Think a content calendar won’t work for your marketing? Here are three reasons why it will:

1. Get big-picture views. According to Insightly, provider of customer relationship management software for small and midsize businesses, a content calendar can help you “see the big picture in regards to marketing campaigns as well as dive into the specifics of what you’ll cover on your blog (or social media) in a given month.” As a result, you’ll be better able to plan ahead and stay organized, see where you need to fill in gaps of coverage, prioritize topics, and figure out how to distribute content to the widest, most targeted audience.

2. Emphasize your expertise. Content calendars help you turn your organization’s experiences, knowledge, and insight into compelling marketing content and strategy. Need help getting started? Natalie DeYoung, in her article, “The Three Benefits Of Using A Content Calendar: Clarity, Context and Consistency,” suggests asking yourself the following questions to help you get started:

  • What is your organization passionate about?

  • What sets your organization apart from competitors?

  • What are the most common questions customers ask?

3. Establish a timeline. You may already do this in your marketing plan, but content calendars also help you identify, plan for, and properly time marketing of important events or milestones for promotion through social media, the web, and direct mail.

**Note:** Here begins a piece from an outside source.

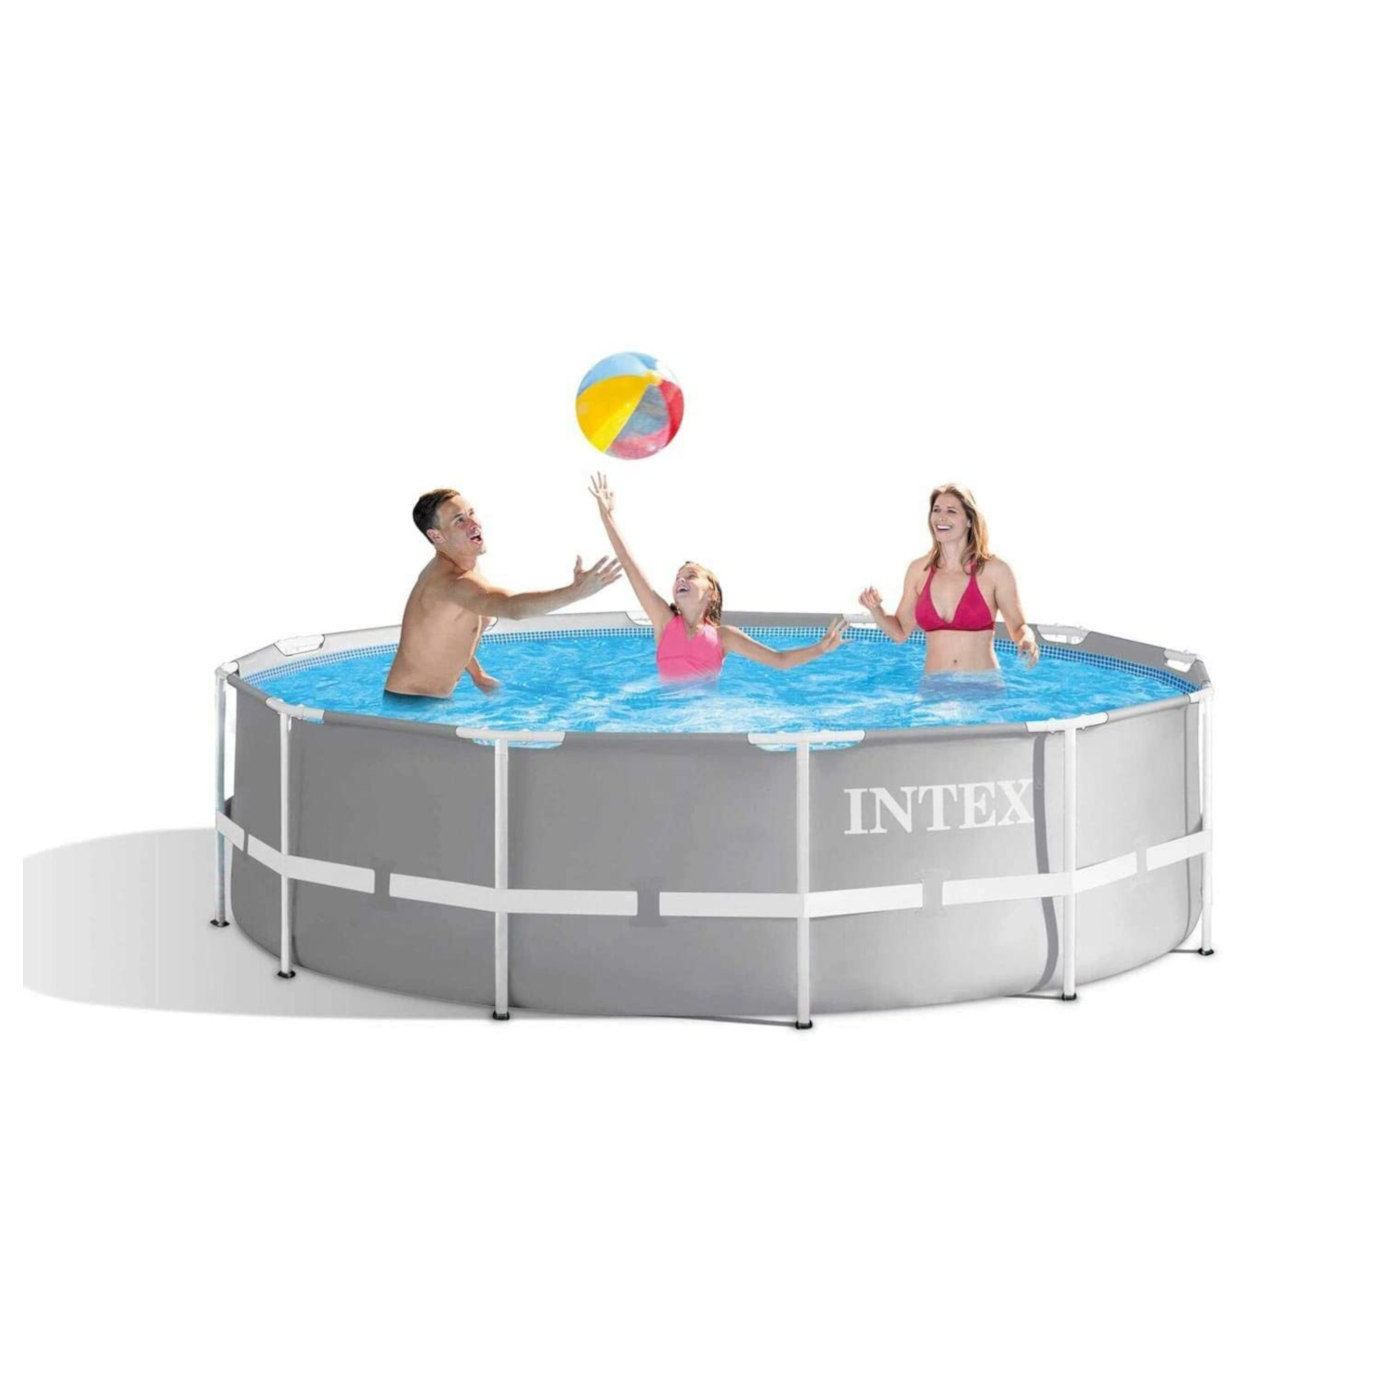 Pool Frame + INTEX umfangreiches 366x99cm Filterpumpe Swimmingpool, inkl. Zubehör Prism und grau Leiter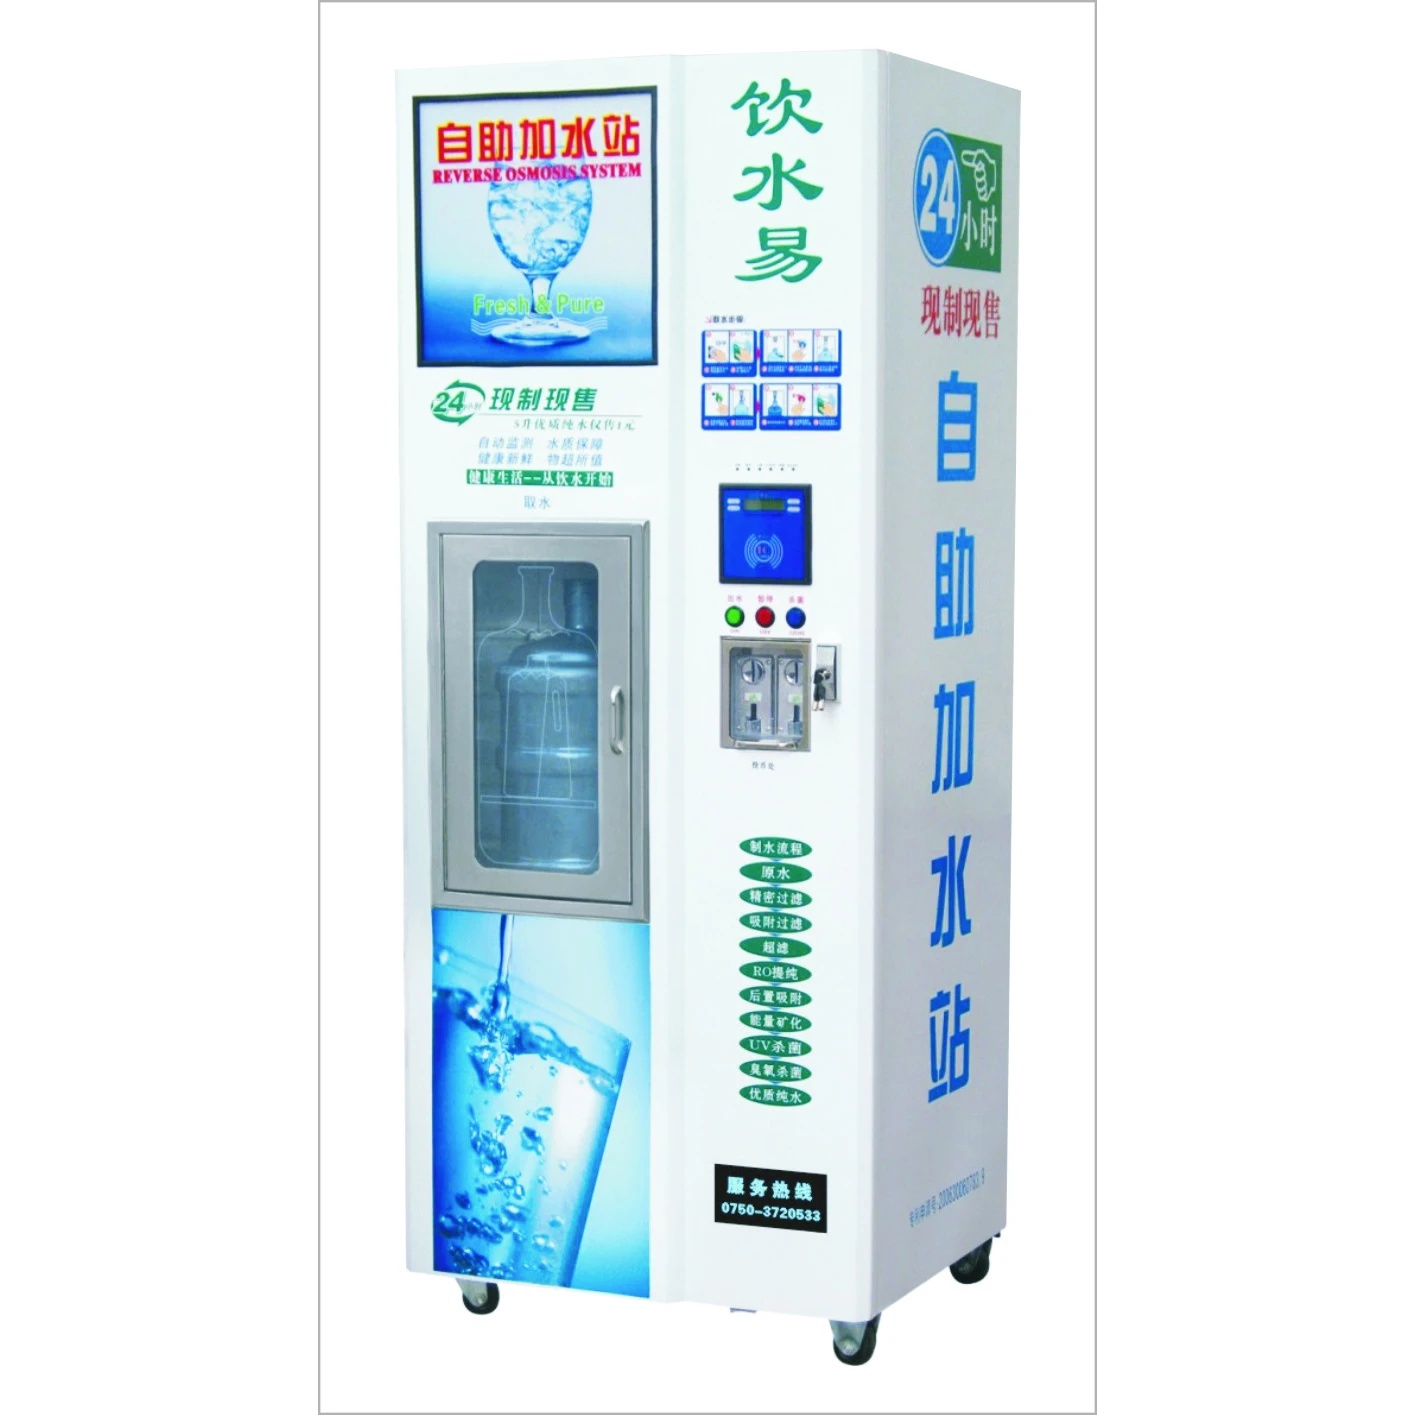 Автомат торговый для воды ro 300a (+LCD). Автомат для питьевой воды Lamo. Вендинговый аппарат доочистки воды Фрост 200. Автомат с бутилированной водой.

Are you sold but not sure what to do? IQ, a nationally-recognized advertising agency with offices in Atlanta and Los Angeles, calls the content calendar the “heart” of your marketing plan and recommends viewing your content calendar as a “living document,” not a set-in-stone list of rules.

In his January 1 post for IQ, Kevin Smith suggests building your calendar following four simple steps:

  • Identify and understand your audience. Make sure you understand what interests your customers, what barriers they have to overcome when making a purchasing decision, and how they like to receive content from you—and how much.

  • Know what content you already have. You don’t have to start from scratch. Refer to existing PowerPoint presentations, survey results, news stories, interviews, and old blog posts for content and content ideas.

  • Know when to publish your content. That means more than just scheduling dates. It means looking into site analytics, identifying key dates, and planning how you will support your planned efforts. According to Smith, you can then “plan the rest of your content with the goal of setting a repeatable cadence for your audience, and ensure that you are mixing topics.” This helps meet your audience’s needs and keeps your marketing fresh and interesting.

  • Measure and adjust. As with any other marketing effort you make, you should plan on tracking the progress of your efforts. Whether that means documenting changes in web traffic, subscriber growth, social media followers, or simple inquiries, measuring the response to your efforts enables you to make adjustments, as necessary, to your overall marketing plan.

Creating and maintaining a content calendar takes a little practice, but if you remain flexible and committed, your marketing will grow.